Invoice / Financial Documents

{
  "extraction_id": "your-extraction-id",
  "schema_config": {
    "input_schema": {
      "type": "object",
      "properties": {
        "document_type": {"type": "string"},
        "document_number": {"type": "string"},
        "date": {"type": "string", "format": "date"},
        "due_date": {"type": "string", "format": "date"},
        "vendor": {
          "type": "object",
          "properties": {
            "name": {"type": "string"},
            "address": {"type": "string"},
            "tax_id": {"type": "string"}
          }
        },
        "customer": {
          "type": "object",
          "properties": {
            "name": {"type": "string"},
            "account_number": {"type": "string"}
          }
        },
        "line_items": {
          "type": "array",
          "items": {
            "type": "object",
            "properties": {
              "description": {"type": "string"},
              "quantity": {"type": "number"},
              "unit_price": {"type": "number"},
              "amount": {"type": "number"}
            },
            "required": ["description", "amount"]
          }
        },
        "subtotal": {"type": "number"},
        "tax": {"type": "number"},
        "total": {"type": "number"}
      },
      "required": ["document_number", "total"]
    },
    "schema_prompt": "Extract all invoice details. Include all line items. Format currency as numbers without symbols."
  }
}
{
  "extraction_id": "your-extraction-id",
  "schema_config": {
    "input_schema": {
      "type": "object",
      "properties": {
        "document_title": {"type": "string"},
        "case_number": {"type": "string"},
        "parties": {
          "type": "array",
          "items": {
            "type": "object",
            "properties": {
              "name": {"type": "string"},
              "role": {"type": "string"},
              "representation": {"type": "string"}
            },
            "required": ["name", "role"]
          }
        },
        "dates": {
          "type": "object",
          "properties": {
            "filed": {"type": "string", "format": "date"},
            "effective": {"type": "string", "format": "date"},
            "expiration": {"type": "string", "format": "date"}
          }
        },
        "signatures": {
          "type": "array",
          "items": {
            "type": "object",
            "properties": {
              "name": {"type": "string"},
              "title": {"type": "string"},
              "date": {"type": "string", "format": "date"}
            }
          }
        }
      },
      "required": ["document_title"]
    },
    "schema_prompt": "Extract legal document details. Include all parties and their roles."
  }
}

Medical Records

{
  "extraction_id": "your-extraction-id",
  "schema_config": {
    "input_schema": {
      "type": "object",
      "properties": {
        "patient": {
          "type": "object",
          "properties": {
            "name": {"type": "string"},
            "dob": {"type": "string", "format": "date", "description": "Date of birth"},
            "mrn": {"type": "string", "description": "Medical record number"}
          },
          "required": ["name", "mrn"]
        },
        "encounter": {
          "type": "object",
          "properties": {
            "date": {"type": "string", "format": "date"},
            "provider": {"type": "string"},
            "location": {"type": "string"}
          }
        },
        "chief_complaint": {"type": "string"},
        "medications": {
          "type": "array",
          "items": {
            "type": "object",
            "properties": {
              "name": {"type": "string"},
              "dosage": {"type": "string"},
              "frequency": {"type": "string"}
            }
          }
        },
        "diagnoses": {
          "type": "array",
          "items": {
            "type": "object",
            "properties": {
              "code": {"type": "string", "description": "ICD-10 code"},
              "description": {"type": "string"}
            }
          }
        },
        "plan": {"type": "string"}
      },
      "required": ["patient", "encounter"]
    },
    "schema_prompt": "Extract patient encounter details.
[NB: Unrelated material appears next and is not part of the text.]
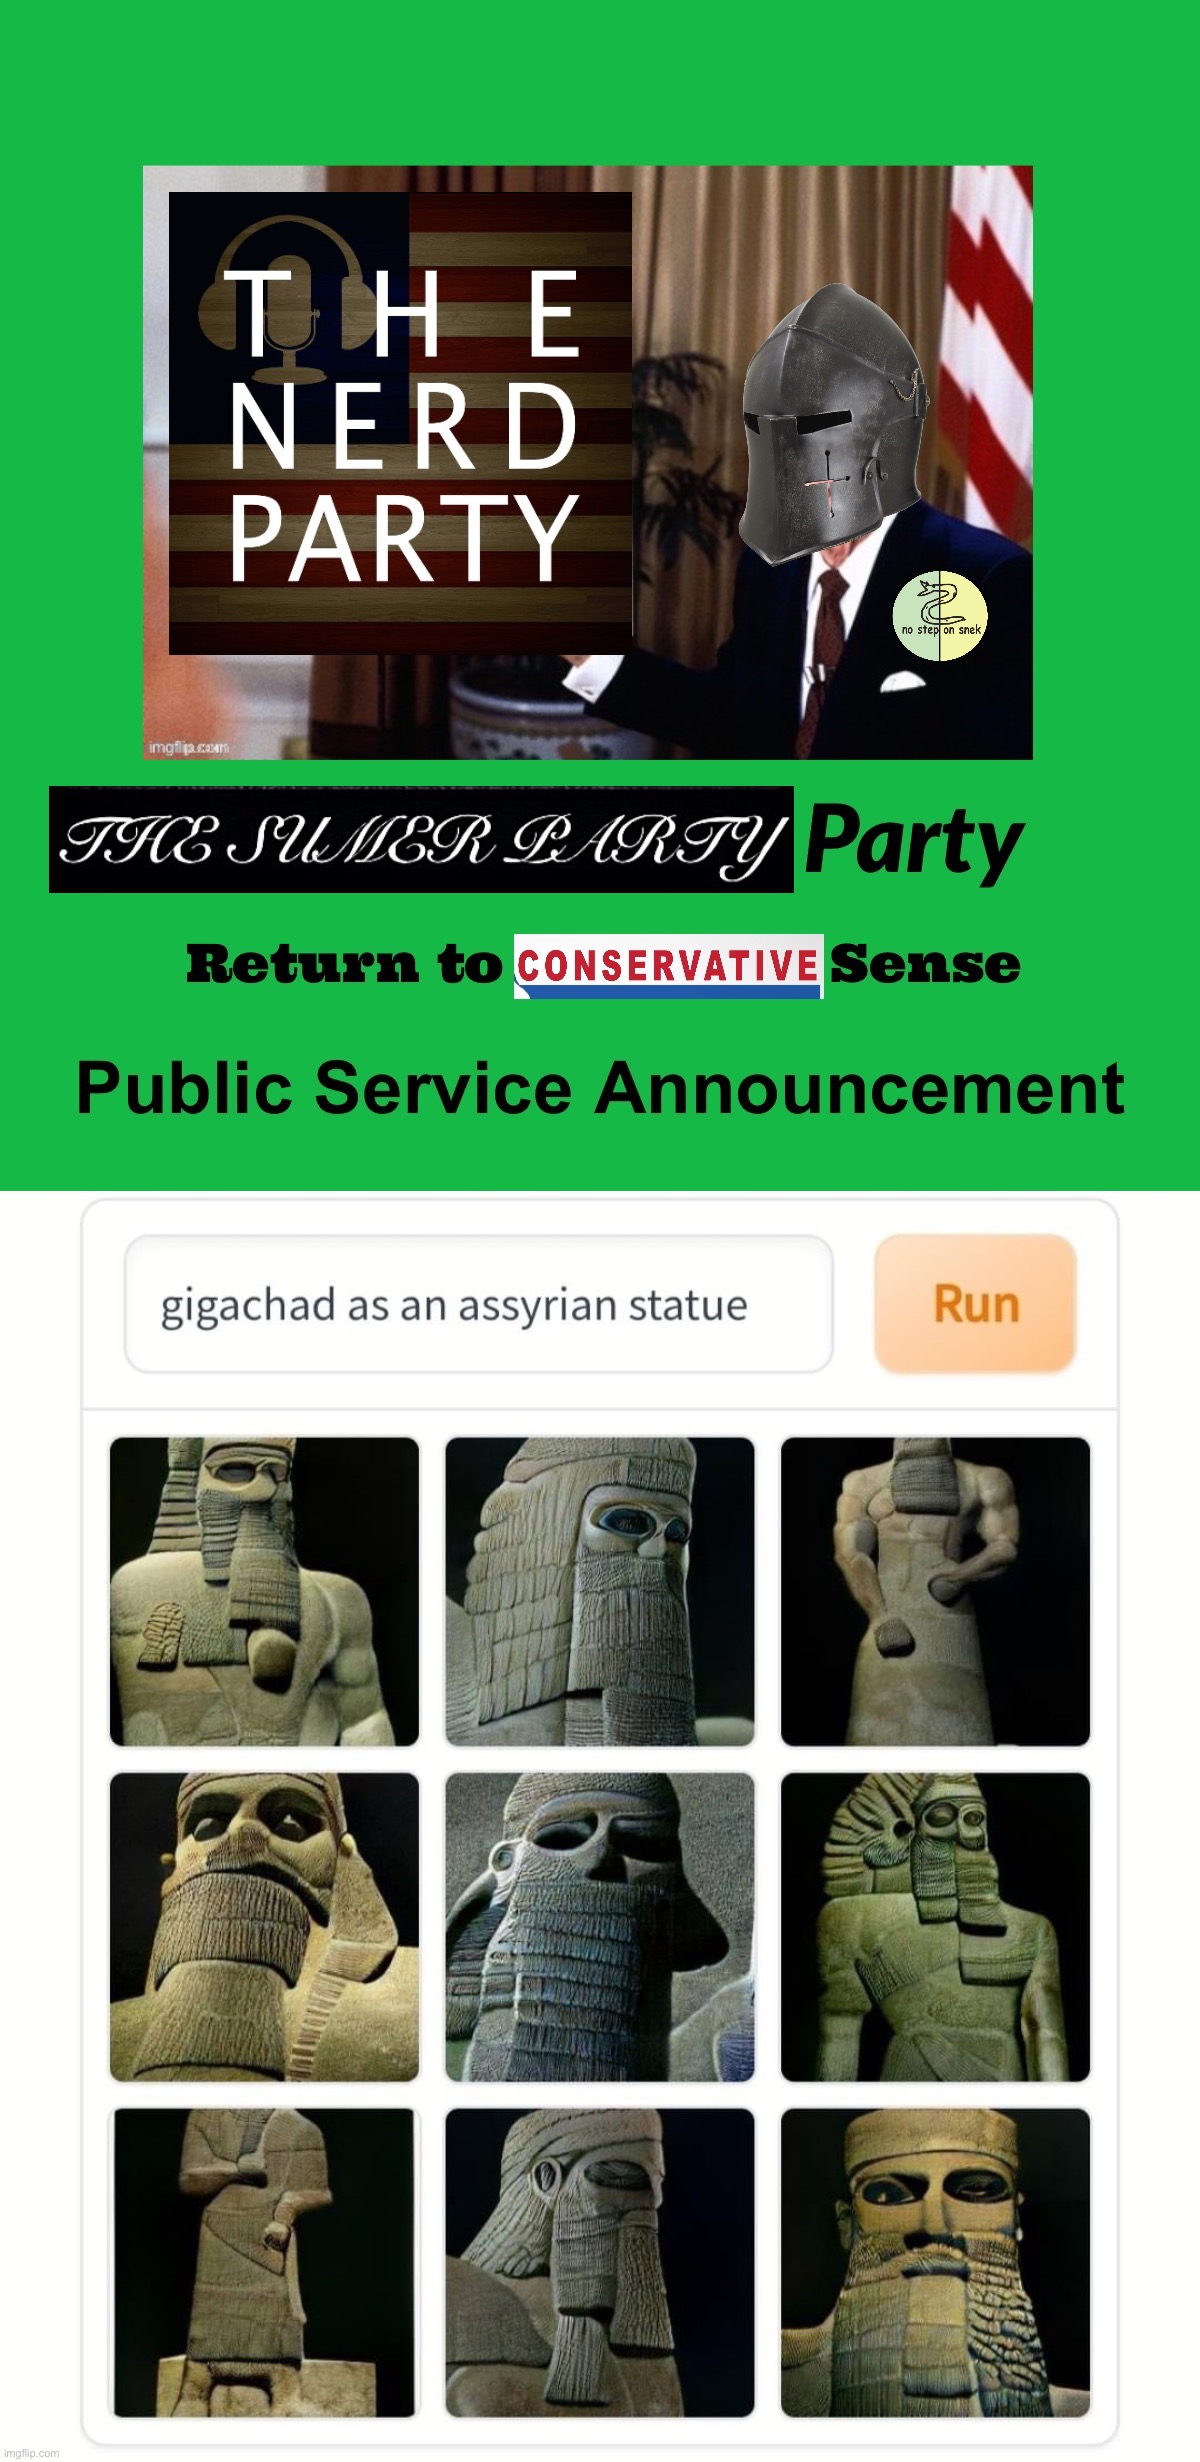 Well boys we did it, we manufactured the perfect IMGFLIP_PRESIDENTS campaign ad. There are no more after this sorry | image tagged in conservative party psa,gigachad as an assyrian statue,p,s,a,boi | made w/ Imgflip meme maker

Include all medications and diagnoses with their codes."
  }
}

Advanced Techniques

Conditional Extraction

Use schema_prompt to guide conditional extraction:
{
  "extraction_id": "your-extraction-id",
  "schema_config": {
    "input_schema": {
      "type": "object",
      "properties": {
        "contract_type": {"type": "string", "description": "Type of contract: lease, purchase, service, etc."},
        "terms": {
          "type": "array",
          "items": {
            "type": "object",
            "properties": {
              "type": {"type": "string"},
              "value": {"type": "string"}
            }
          }
        }
      },
      "required": ["contract_type"]
    },
    "schema_prompt": "First identify the contract_type. If it's a 'lease', extract rental amount and duration as terms. If it's a 'purchase', extract price and closing date as terms."
  }
}

Hierarchical Data

For documents with deeply nested structures:
{
  "extraction_id": "your-extraction-id",
  "schema_config": {
    "input_schema": {
      "type": "object",
      "properties": {
        "organization": {
          "type": "object",
          "properties": {
            "name": {"type": "string"},
            "departments": {
              "type": "array",
              "items": {
                "type": "object",
                "properties": {
                  "name": {"type": "string"},
                  "head": {"type": "string"},
                  "employee_count": {"type": "number"}
                }
              }
            }
          }
        }
      }
    },
    "schema_prompt": "Extract the organizational hierarchy including all departments."
  }
}

Performance Tips

Keep Schemas Focused

Extract only what you need. Avoid extracting entire documents as single fields.

Use Descriptions

Add description fields to guide the model on ambiguous fields or specific formats.

Leverage schema_prompt

Use schema_prompt to provide context that can’t be expressed in the schema structure alone.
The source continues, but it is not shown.